I briefly mentioned that my husband designed my current workout program for me when I announced that I signed up for the Hardstyle Kettlebell Workshop (HKC) on September 11 in Connecticut. I gave an example of one of my three workouts in my post about working out after you have a baby. He gave me three workouts and I have been doing each one once a week. So I’m doing three tough strength workouts and filling in another two or three days with a run or some other type of flush exercise as well as stretching and foam rolling. The last day of the week has been a much needed rest day.
I have been doing the workout below for 4 weeks and not to toot my own horn or anything, but I am incredibly impressed with the progress I have made so far.
Not that I had any doubts, but I guess this guy, Mike Perry, is onto something when it comes to getting people strong. 🙂
After giving birth I spent the first 6 weeks or so doing general workouts and trying to get my fitness back a bit. Once I had my 6 week checkup, I reached out for help because I wanted to get strong, like really strong. 😉
It’s amazing how when you put your mind to something you can do it. Just this morning I was trying to finish my last set of deadlifts and had to have a serious pep talk with myself in order to finish. I said outloud a few times…”You just did 2 reps…you can do 2 more!”. I also may or may not have sent a text to my hubby after my workout that said “WOW. I hate you and love you all at the same time for helping me with this workout program.”

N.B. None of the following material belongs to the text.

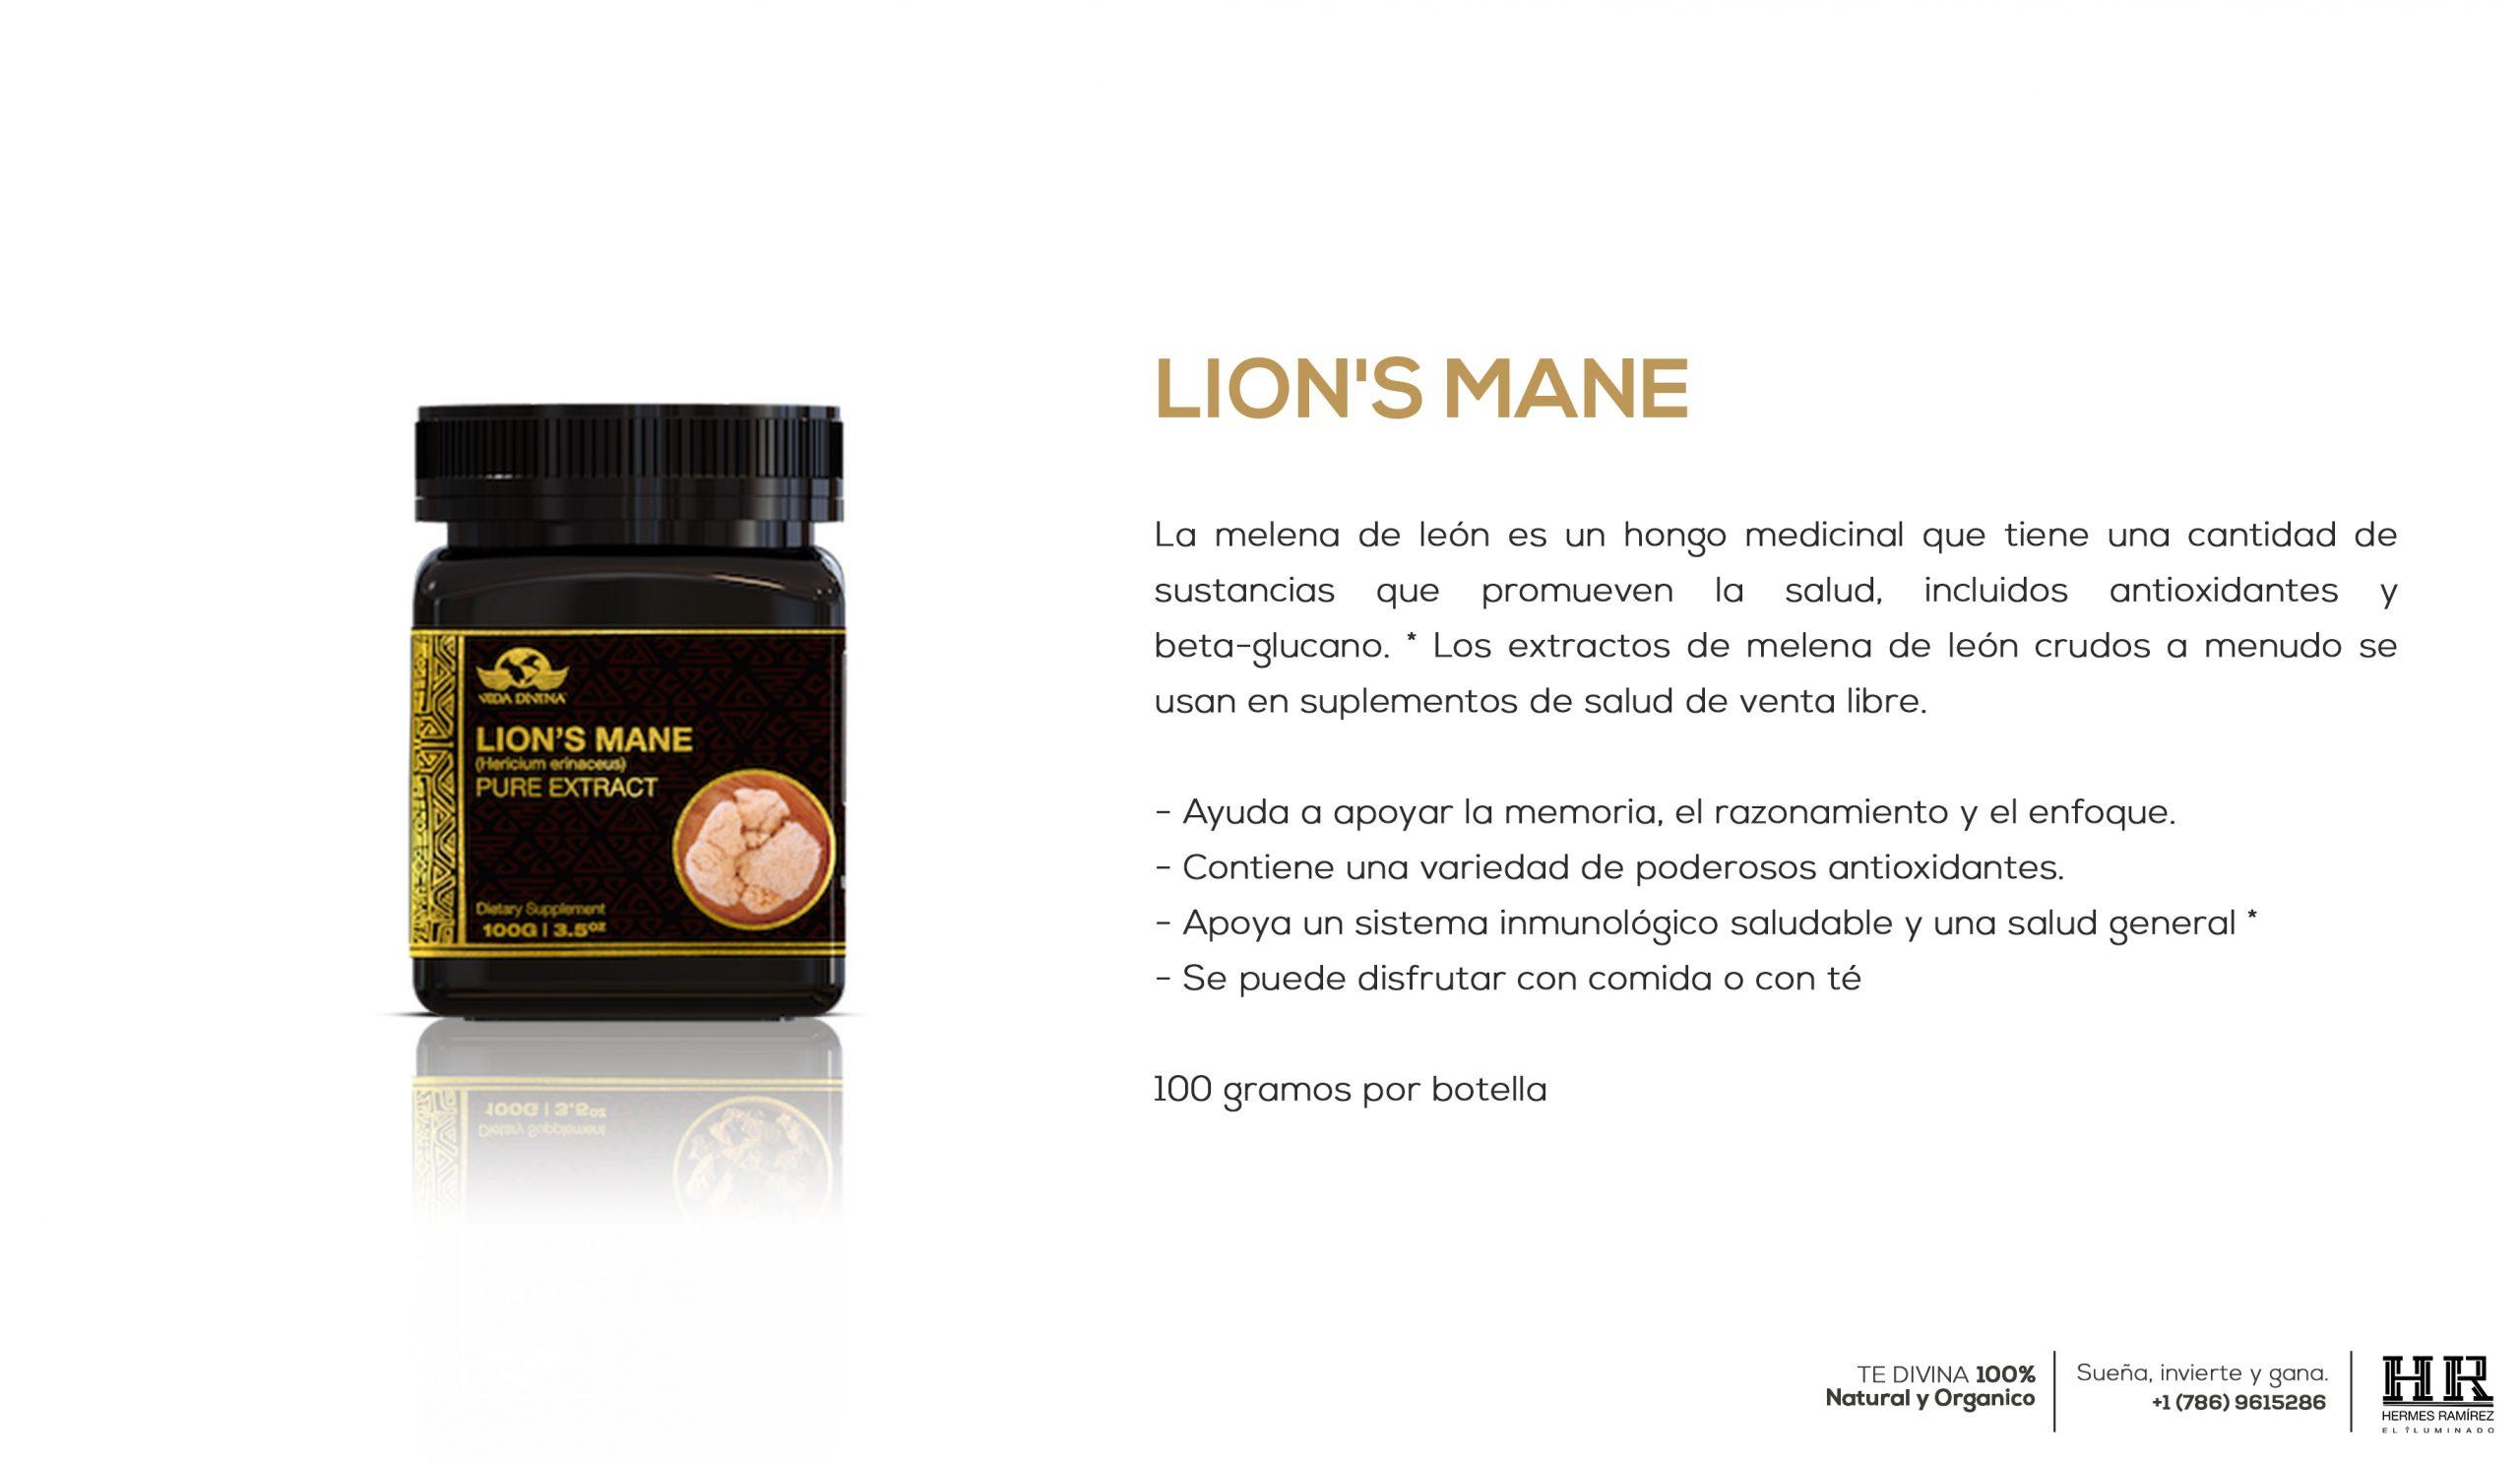 POST extracto lions info

I’ve done the workout below four times (one time each week for the last four weeks). Check out the progress that I have made in just a short time. Next week I’ll be starting a new workout program, but it will include many similar exercises. I’ll keep you posted on the changes and also on my progress!
Turkish Get Up w/ light bell 4 min each side
- 1st workout – 18lb, but this was REALLY hard
- 4th workout – 18lb, but this was easy
Goblet Squats (10 reps)
- 1st workout – 10K Kettlebell
- 4th workout – 12K Kettlebell (2 rounds for a total of 20 goblet squats)
Push ups (10 reps)
- 1st workout – 10 push ups
- 4th workout – 2 rounds of 10 push ups
(10 reps, 8 reps, 6 reps, 4 reps, 4 reps (increase weight for each of
the 5 sets))
- 1st workout max – 130lbs for 4 reps w/ trap bar
- 4th workout max – 160lbs for 4 reps w/ trap bar
Pullups GTG (grease the groove)
- 1st workout – 20 w/ large band assistance
- 4th workout – 15 w/ small band assistance and 15 with large band assistance
Long cycle clean and push press
(Using double kettlebells 5 reps, 3 reps, 2reps (Do 5, rest a min, do 3, rest a min…) x4)
- 1st workout – 4 rounds with 10K kettlebells
- 4th workout – 4 rounds with 14K kettlebells
Some of this might be a bit confusing if you’re not familiar with these exercises and/or with the kettlebell weights, but just trust me when I say this is a HARD workout. It’s possible to get strong quite fast when you make sure you take rest days and challenge yourself during every workout. A big thanks to my hubby who has been incredibly encouraging! I can’t wait to see my next workouts (which I’ll start next week).
Stay tuned for my 2 month progress post on banishing the baby bulge (see month 1 post here). It’s been 2 months today since this little guy was born and I have new photos, measurements and bodyweight updates to share with you all.
Do you ever follow a workout program or do you just wing it?